Жук проводил оценивающим взглядом неизвестного ему художника. Потом перевел взгляд на пастельный рисунок Игоря.
— Недурно. Для Арбата, — оценил он. — Кто такая?
Игорь помолчал и ответил:
— Знакомая.
С портрета смотрела Анна. Та, что привиделась во коротком сне. Княжна Анна. Вынырнувшая из лихорадки любви в стужу разлуки.
— Она, что — плачет?
— У нее отняли любимого. Он только что ушел. А она еще не хочет верить, что навсегда. Ждет, что произойдет чудо, что он вернется.
Жук саркастически крякнул, но глаз от портрета отвести не смог.
Корсаков покосился на него из-под полей шляпы и решил устроить последнюю проверку.
— Жук, если понравилась, уступлю, как другу, — забросил он крючок.
— Сколько? — не отрываясь от портрета, спросил Жук.
— Пятьсот баксов.
Жук вздрогнул и чуть не свалился со стульчика.
— Ты, что? За это?!
— Да. За это — пятьсот.
— Да-да-да, — Жук, заикаясь, затряс всеми своими подбородками. — Да… Да тут любая баба дешевле стоит!
— Не хами! Это не баба, друг мой. Здесь не один мужик ее ноготка не стоит. За любовь таких женщин стрелялись на дуэли или грудью вставали под картечь. Ты знаешь, что это такое? Стоять в полный рост, когда в тебя летит раскаленный металл?
— Можно подумать, ты стоял!
— В полковом каре не довелось, — кивнул Корсаков. — Но в одиночку под бандитскими стволами — имел удовольствие.
Жук пристально посмотрел ему в глаза.
— Ты на что намекаешь?
— Просто привожу пикантные факты из биографии. Набиваю цену. — Корсаков указал на картину. — Работа Игоря Корсакова «Портрет неизвестной дамы». Цена — пятьсот баксов. Кто больше? — Подвывающим тенорком аукциониста произнес он.
— Да иди ты! — Жук возмущенно засопел. — Блин, точно «белка» началась!
Корсаков ответил коротким злым смешком.
— В стоимость этой работы входит информация о двух картинах раннего периода данного художника.
И Жук попался. Глаза его заметались от портрета к лицу Игоря.
— Сто баксов, — закончив расчеты, выдал он.
— Ты меня разочаровал. У тебя, что, денег нет?
— А ты цену ломишь, будто уже умер, — парировал Жук. — Офигел совсем — пятьсот за пастель!

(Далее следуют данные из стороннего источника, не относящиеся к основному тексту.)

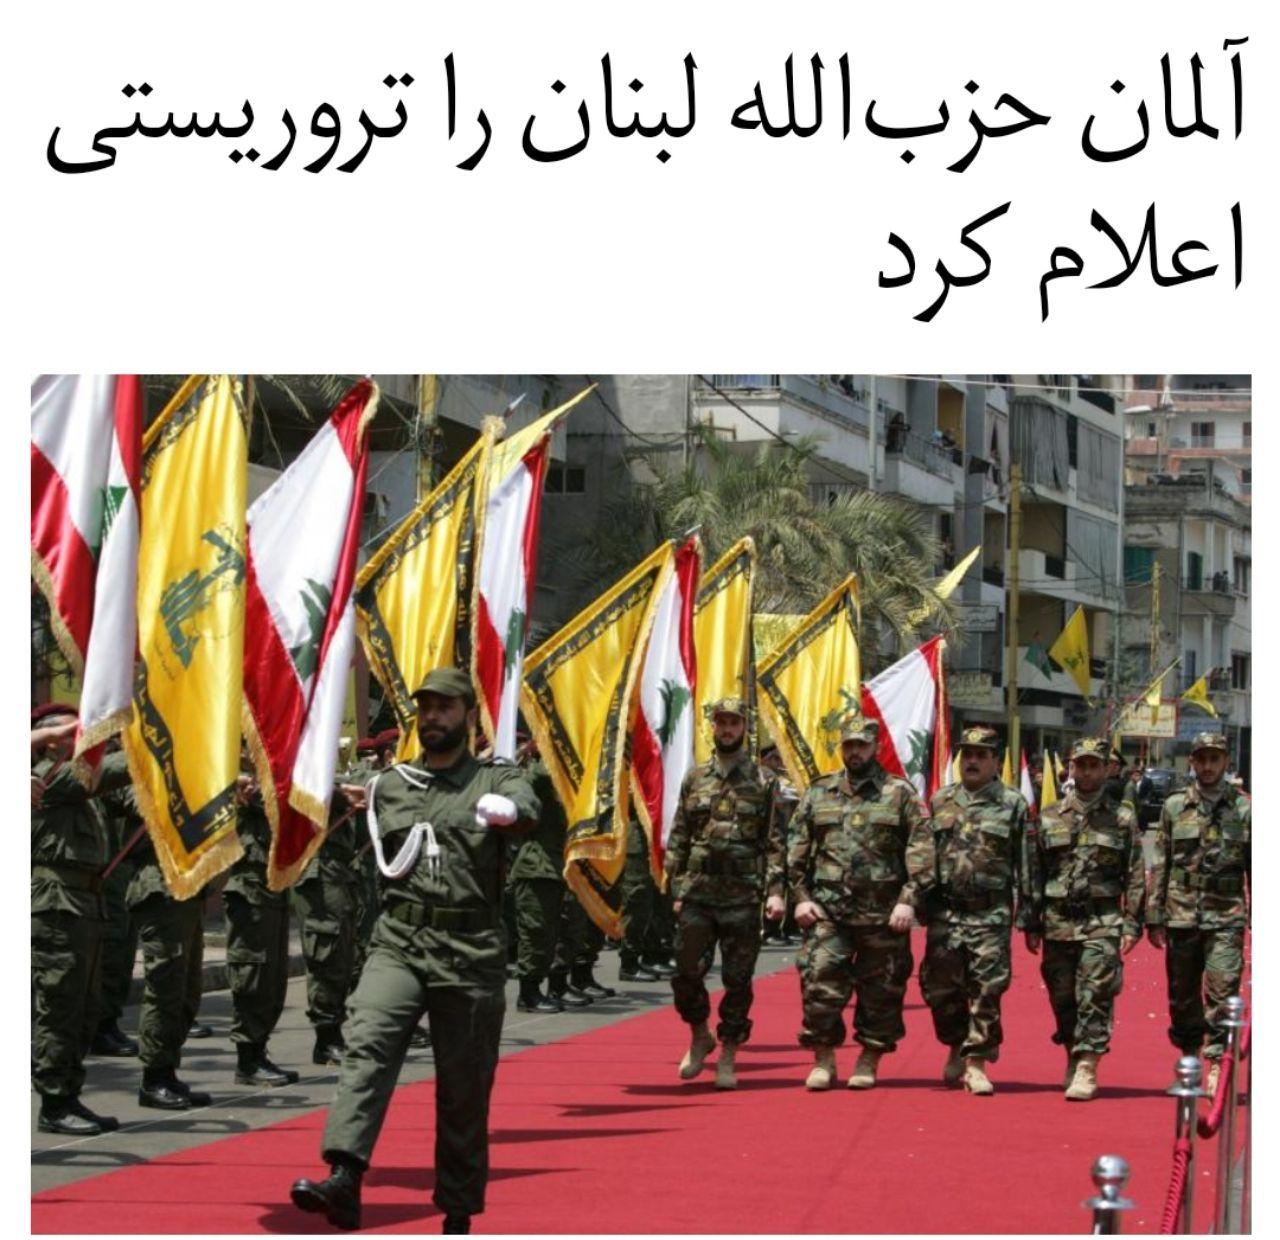 آلمان حزبالله لبنان را تروریس … 354405001588240805

— Это — Корсаков, имей в виду. Помру, будет дороже. Итак, четыреста пятьдесят.
— Сто пятьдесят.
Игорь презрительно цыкнул.
— Не катит. Мы столько за пять минут пробухали бы в кабаке.
— Так то — кабак!
— А здесь — базар. Не нравиться, ищи, где дешевле.

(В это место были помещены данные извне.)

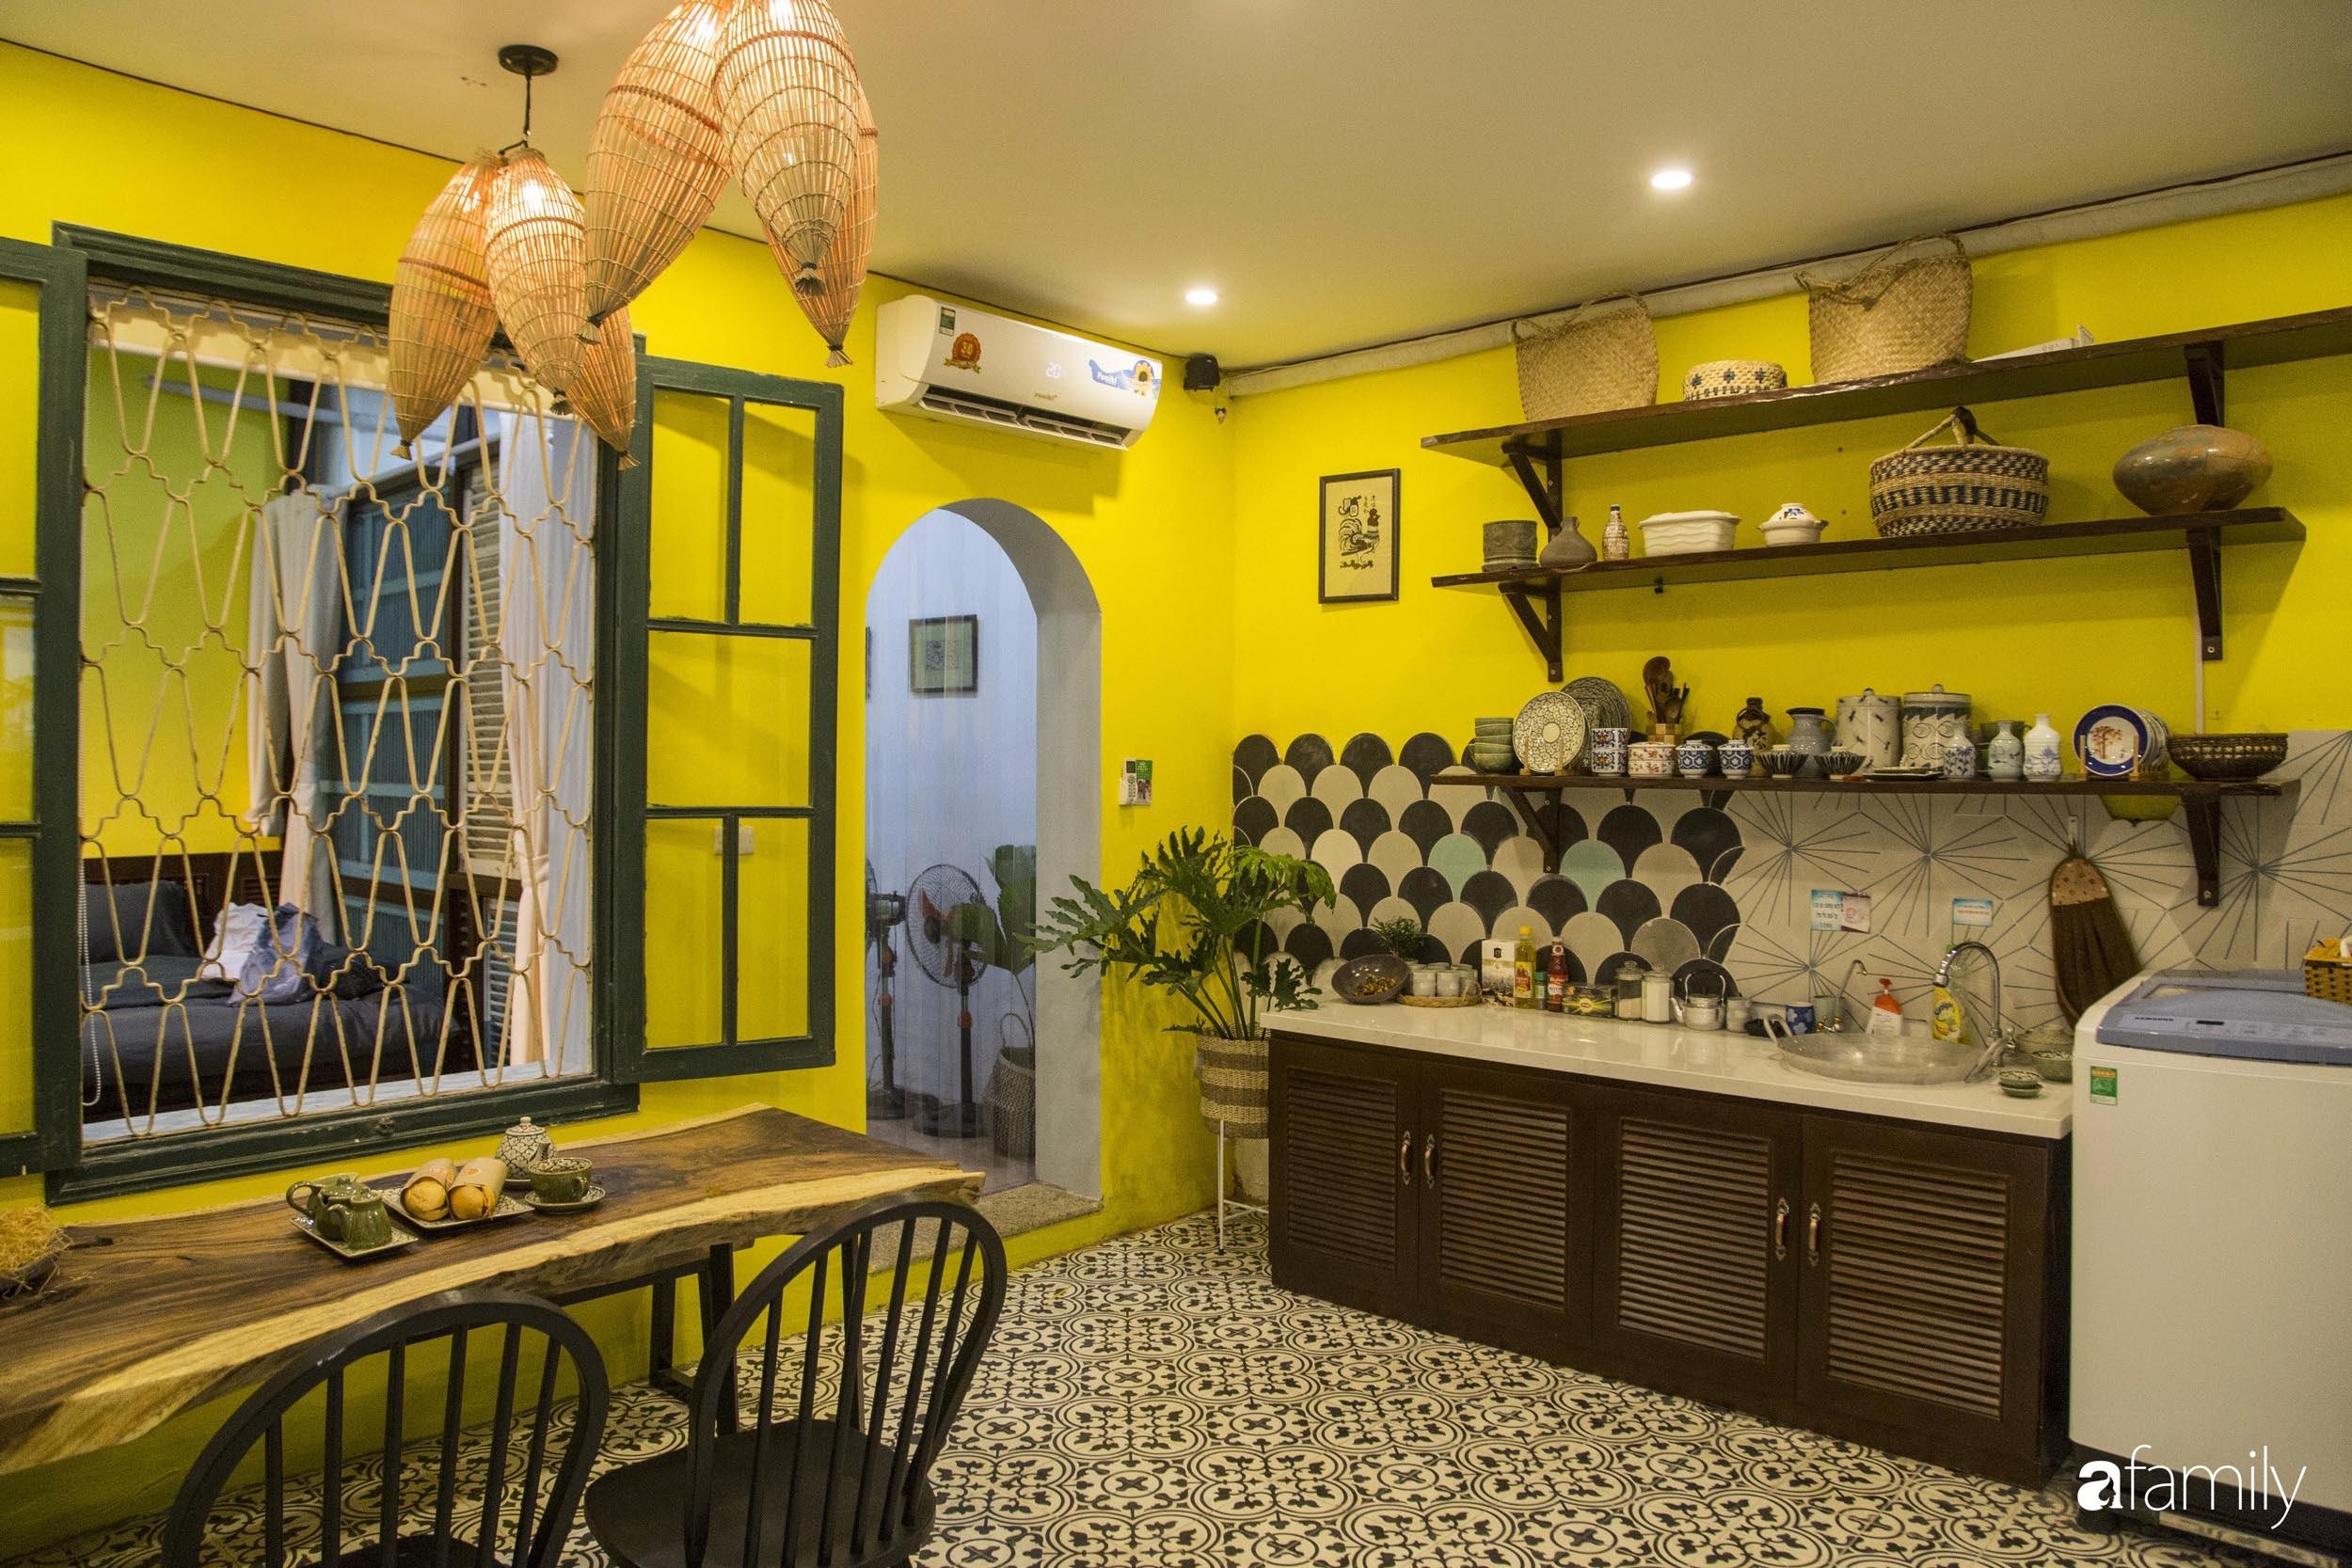 Căn hộ tập thể vàng ươm sắc nắng đẹp mang vẻ hoài cổ ấn tượng ở quận Hoàn Kiếm, Hà Nội - Ảnh 6.

— Игорек, тебе пора в дурку! — Жук покрутил пальцем у виска. — Пить надо меньше.
Корсаков наклонился к нему и прошептал в покрытое бисеринками лицо:
— Проверка на вшивость, Жук. Начинаешь дело на десятки тысяч баксов, а жмешь какие-то пятьсот. Разве после этого тебе можно верить? Кинешь же, сука.
Жук захлопал дряблыми веками. Сейчас он напоминал налима, заглотившего крючок до самого желудка и только после этого осознавшего, что же наделал.
— Слово даю, Игорек.
— Скажи слово «четыреста», и я тебе поверю.
— Триста! — выпалил Жук.
Корсаков откинулся на спинку кресла.
— Ты так громко сказал, что я не расслышал. По твоим губам я прочитал «четыреста». Или я ошибся?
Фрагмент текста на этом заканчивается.